The elevated dependence on agriculture for employment and livelihoods — borne out each by the NABARD and PLFS information — in an financial system that has expanded over 1.4 occasions in fixed rupees between 2016-17 and 2023-24, is a paradox requiring some clarification. It could partly must do with the dearth of jobs in manufacturing, which employed solely 11.4% of India’s workforce in 2023-24, down from 12.6% in 2011-12 and 12.1% in 2018-19.
Manufacturing’s share of employment in 2023-24 was even under that of commerce, motels & eating places (12.2%) and building (12%). The motion of surplus labour in agriculture is going on, if in any respect, not from farms to factories. As a substitute, it’s to sectors that are inclined to have fairly related employment traits as agriculture — having low marginal productiveness (output per employee), paying simply above subsistence wages, and largely casual.
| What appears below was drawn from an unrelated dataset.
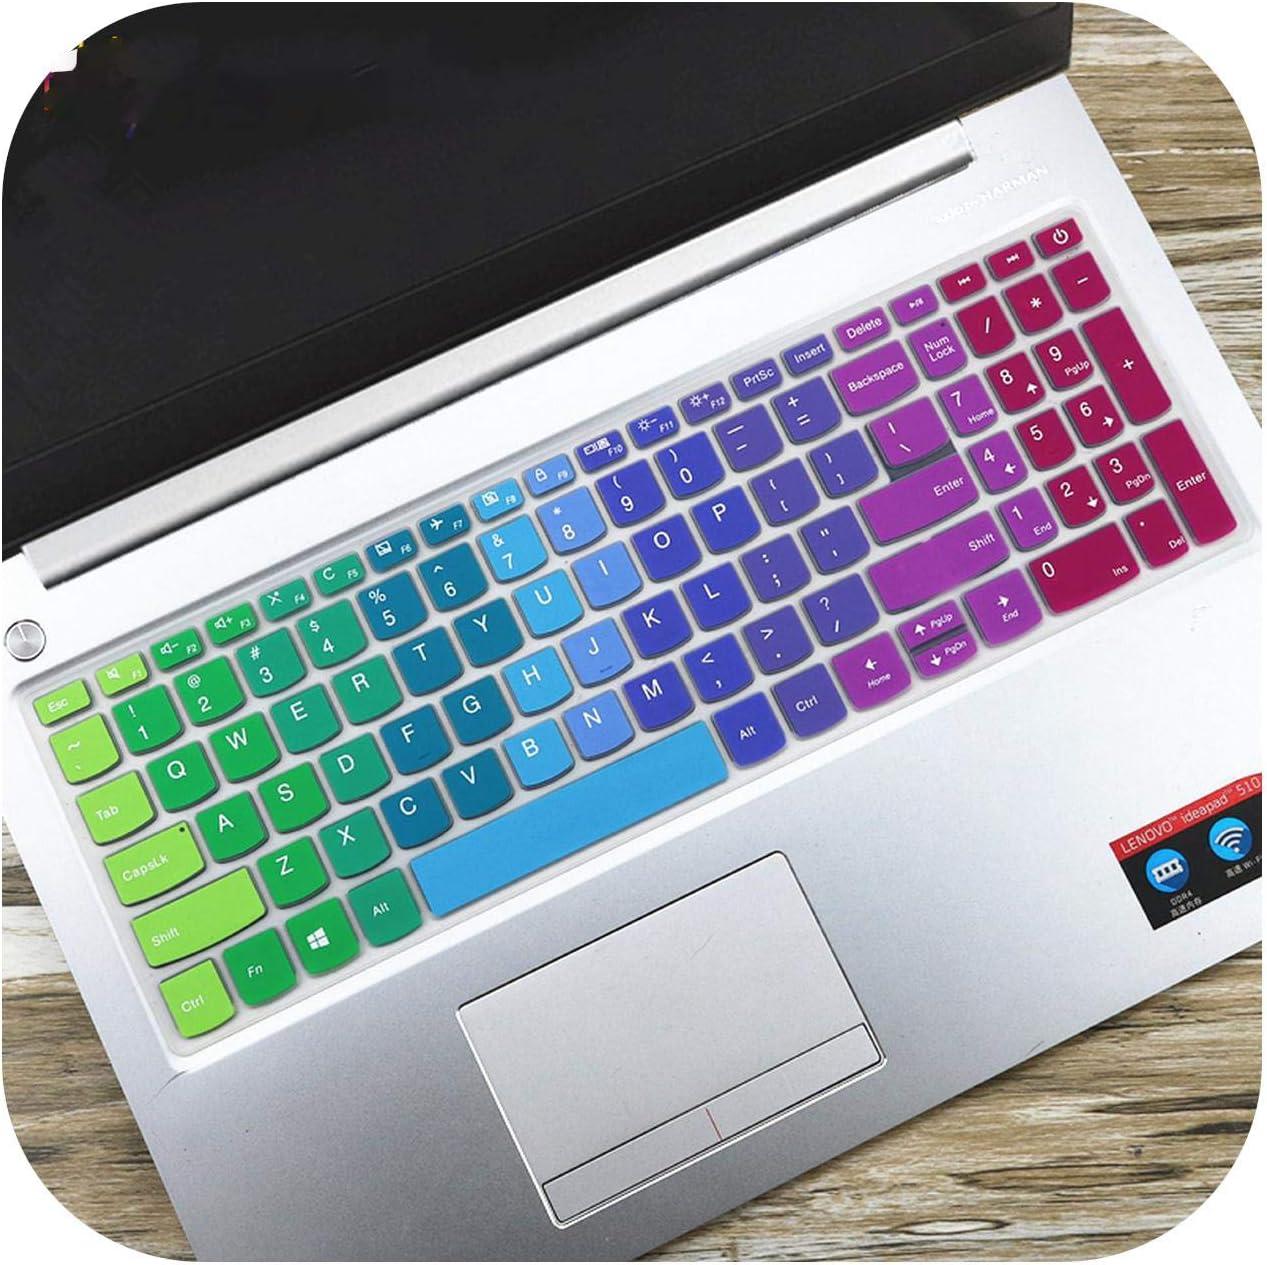 Laptop Keyboard Cover Skin for Lenovo Ideapad 330 S 15.6 15 330S V330 15 15Ich 15Ikb 15Igm V330 15 330S 15 330S 15Ikb-Fadegreen

As per the PLFS information for 2023-24, the states with the best share of their labour drive employed in agriculture included Chhattisgarh (63.8%), Madhya Pradesh (61.6%), Uttar Pradesh (55.9%), Bihar (54.2%), Himachal Pradesh (54%), Rajasthan (51.1%) and Jharkhand (50%). Among the many ones with comparatively low shares have been Goa (8.1%), Kerala (27%), Punjab (27.2%), Haryana (27.5%), Tamil Nadu (28%) and West Bengal (38.2%).
The explanations for an financial system, whose measurement has grown from $1.82 trillion in 2011 to $2.29 trillion in 2016 and $3.55 trillion in 2023 (World Financial institution information), having to rely extra on agriculture for employment must be a topic of debate amongst economists.